━━━ MATERIAL PROVIDED ━━━

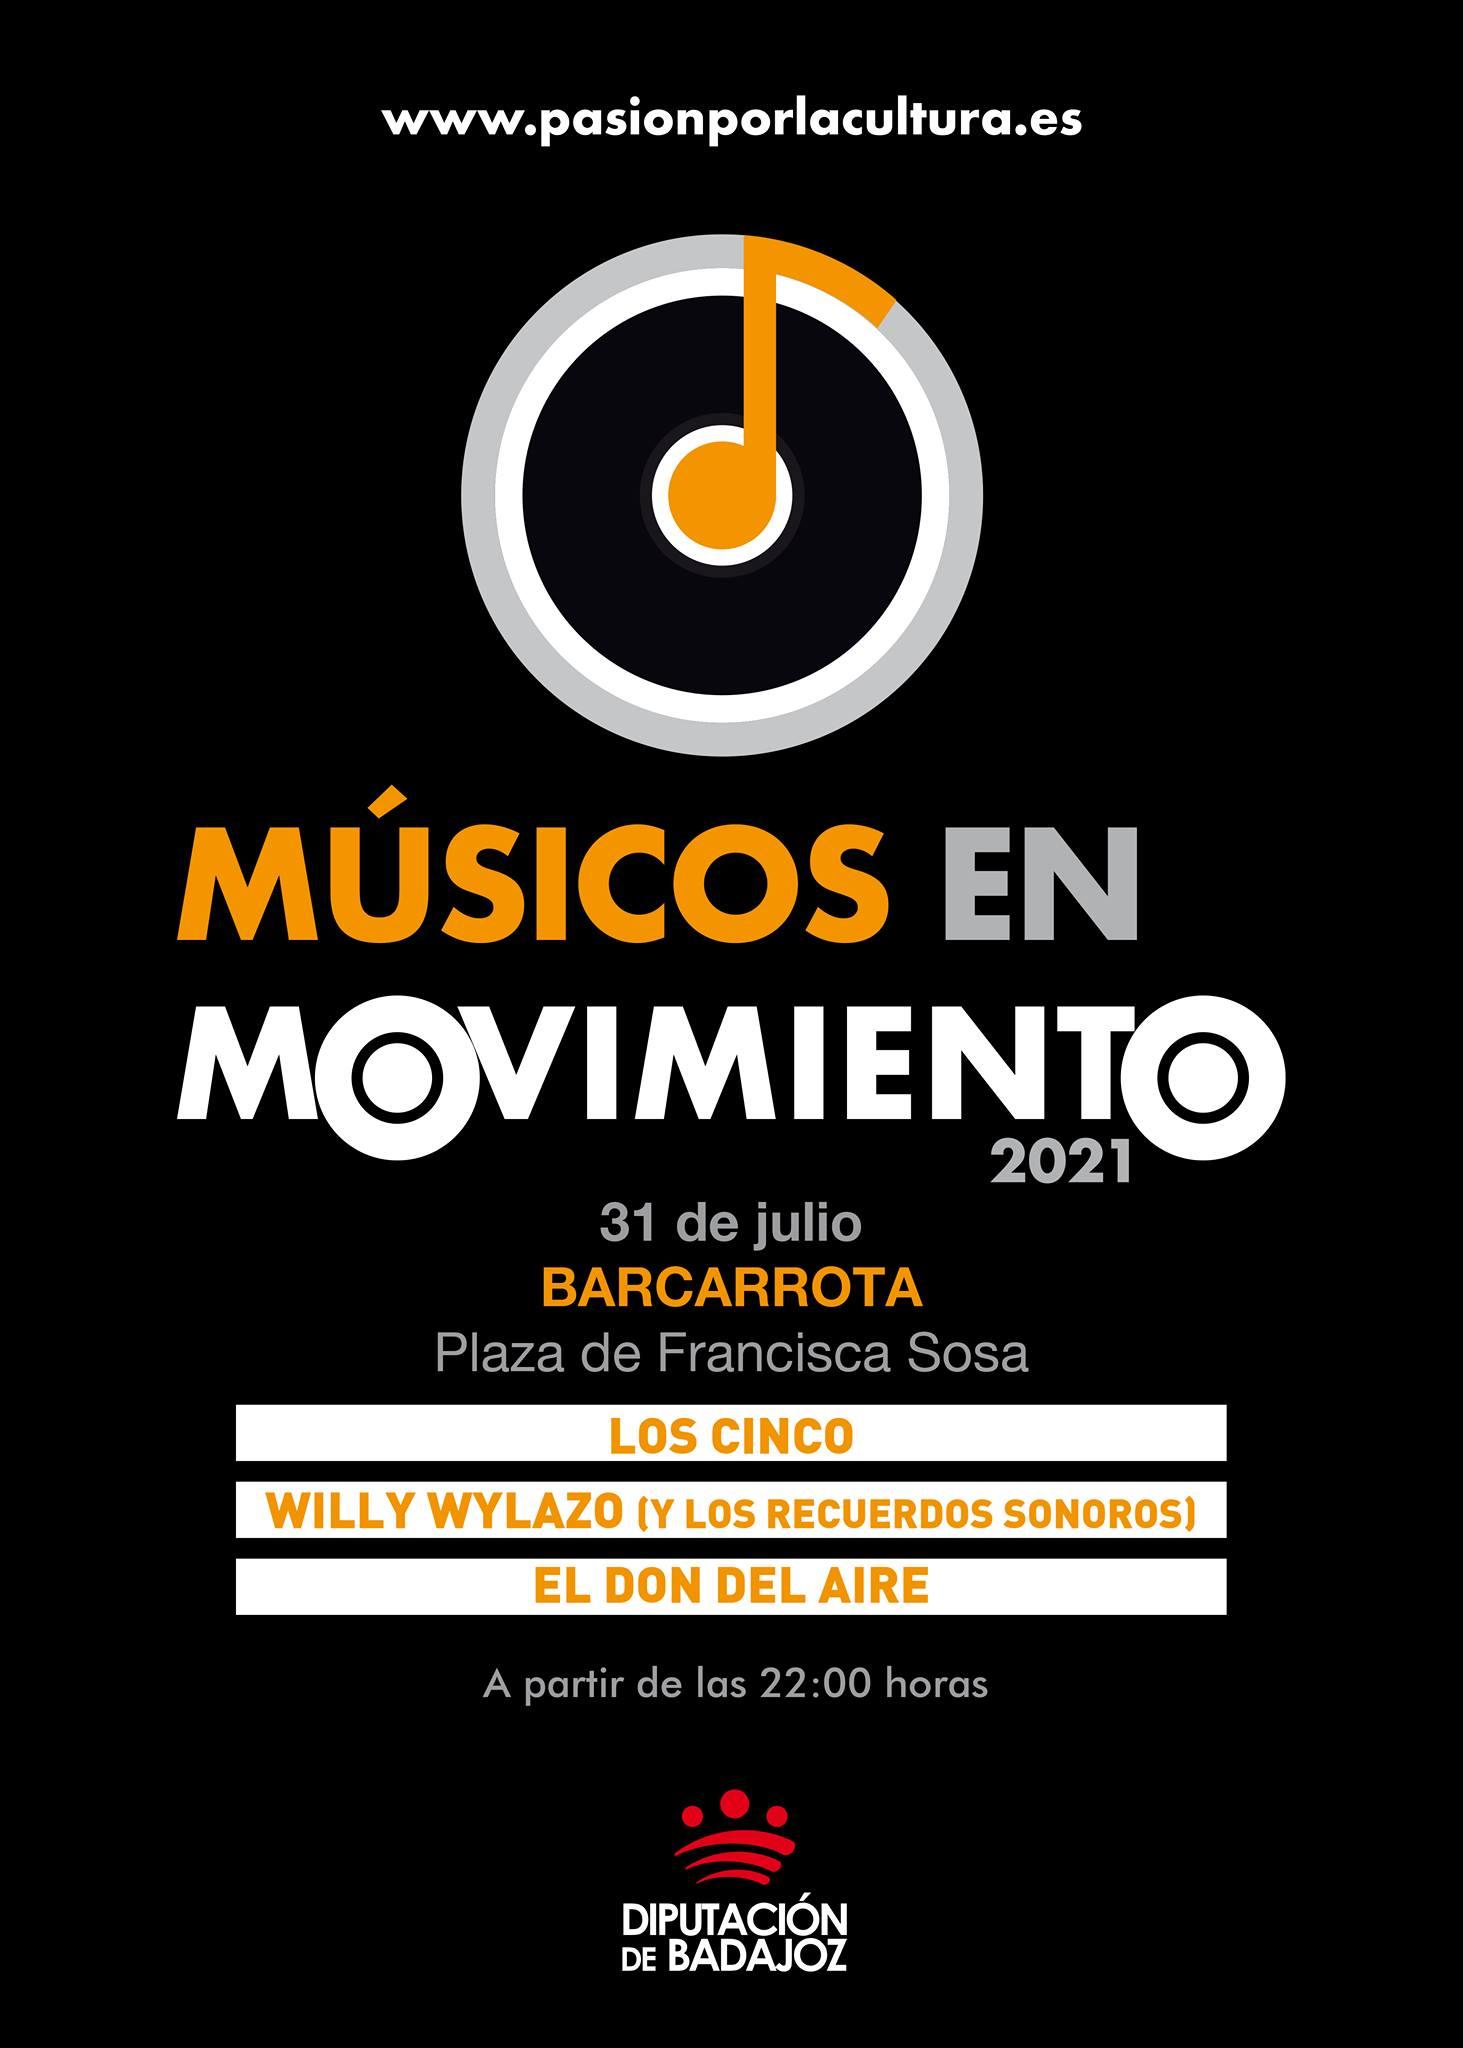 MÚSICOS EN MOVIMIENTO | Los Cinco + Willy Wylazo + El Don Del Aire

━━━
━━━ MATERIAL PROVIDED ━━━

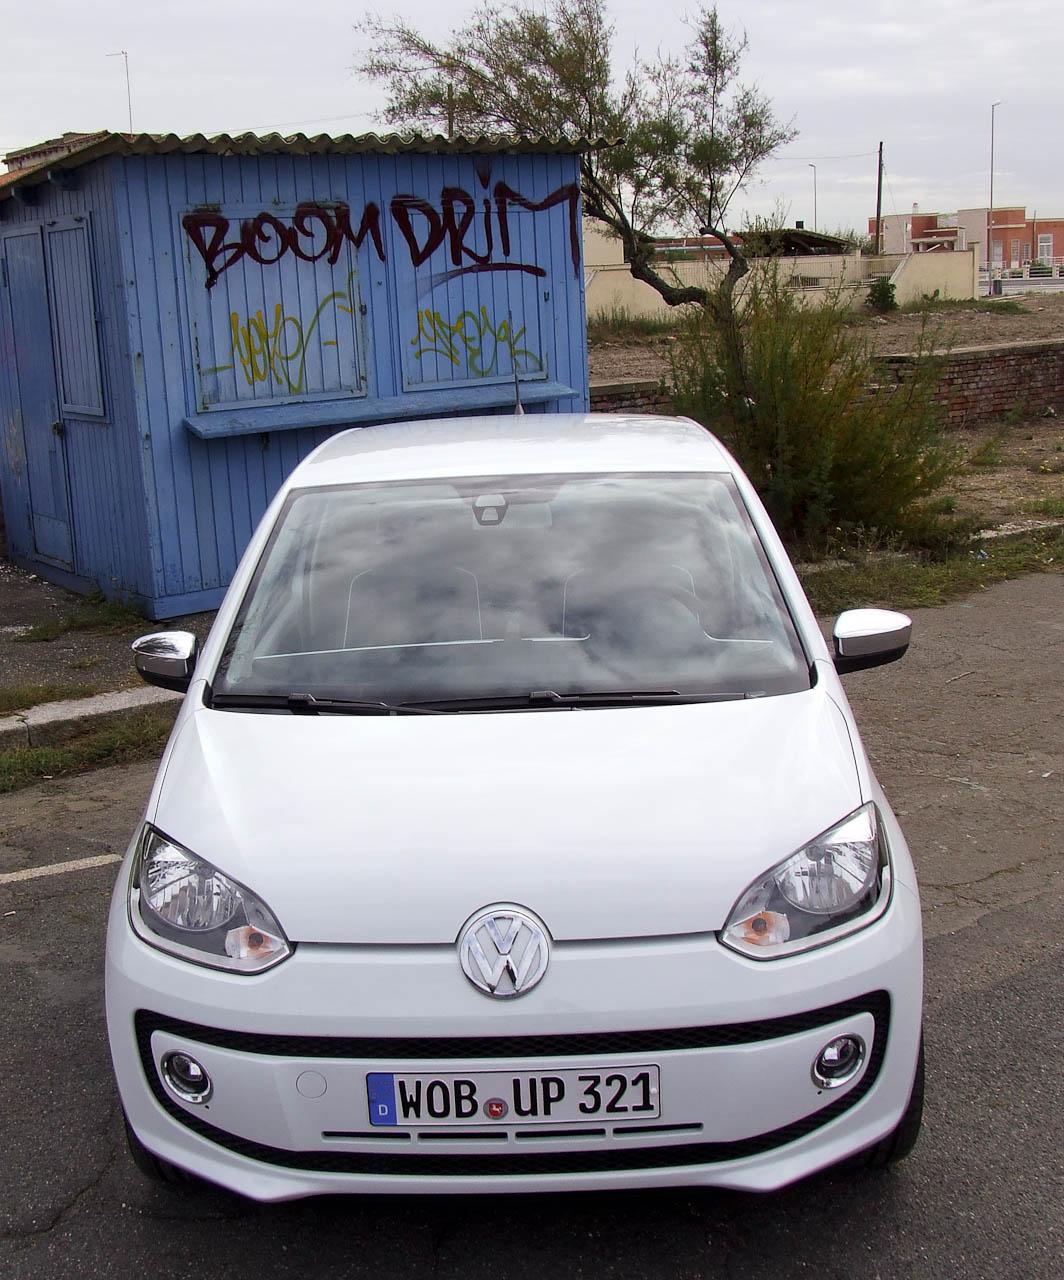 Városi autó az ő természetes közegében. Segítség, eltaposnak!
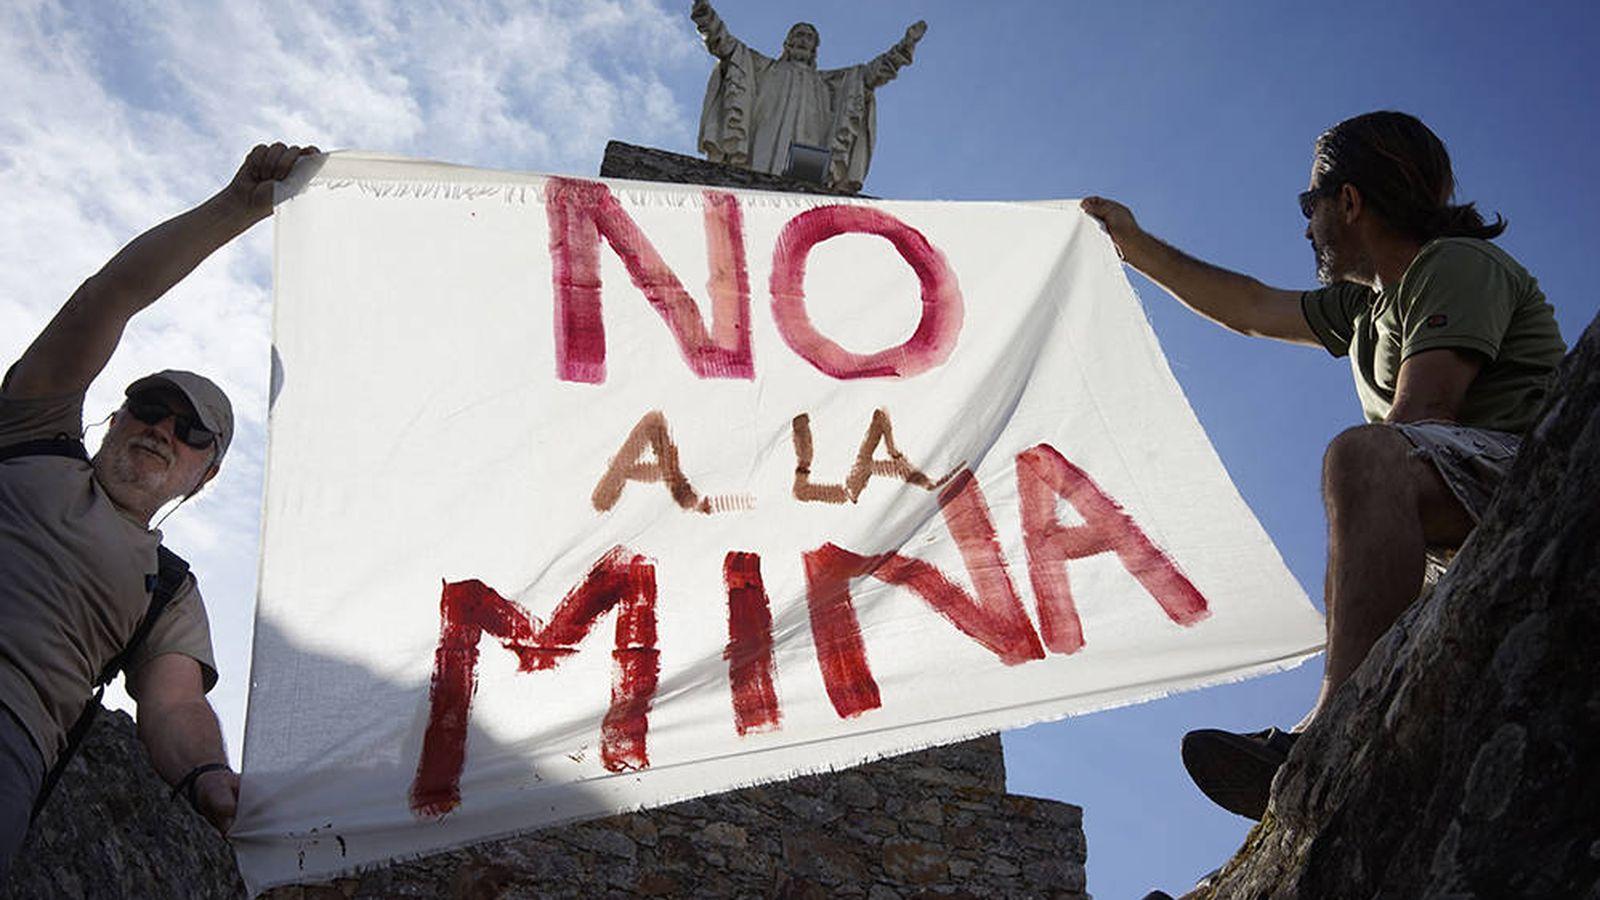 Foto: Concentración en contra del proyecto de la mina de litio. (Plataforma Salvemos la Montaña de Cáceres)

━━━

Lines wanted from the entries above: the one with "Városi autó az", the one with "Foto: Concentración en", and all lines between. Please copy them exactly, without the pictures and without anything else.

RESPONSE BOX:
 Városi autó az ő természetes közegében. Segítség, eltaposnak!
 Foto: Concentración en contra del proyecto de la mina de litio. (Plataforma Salvemos la Montaña de Cáceres)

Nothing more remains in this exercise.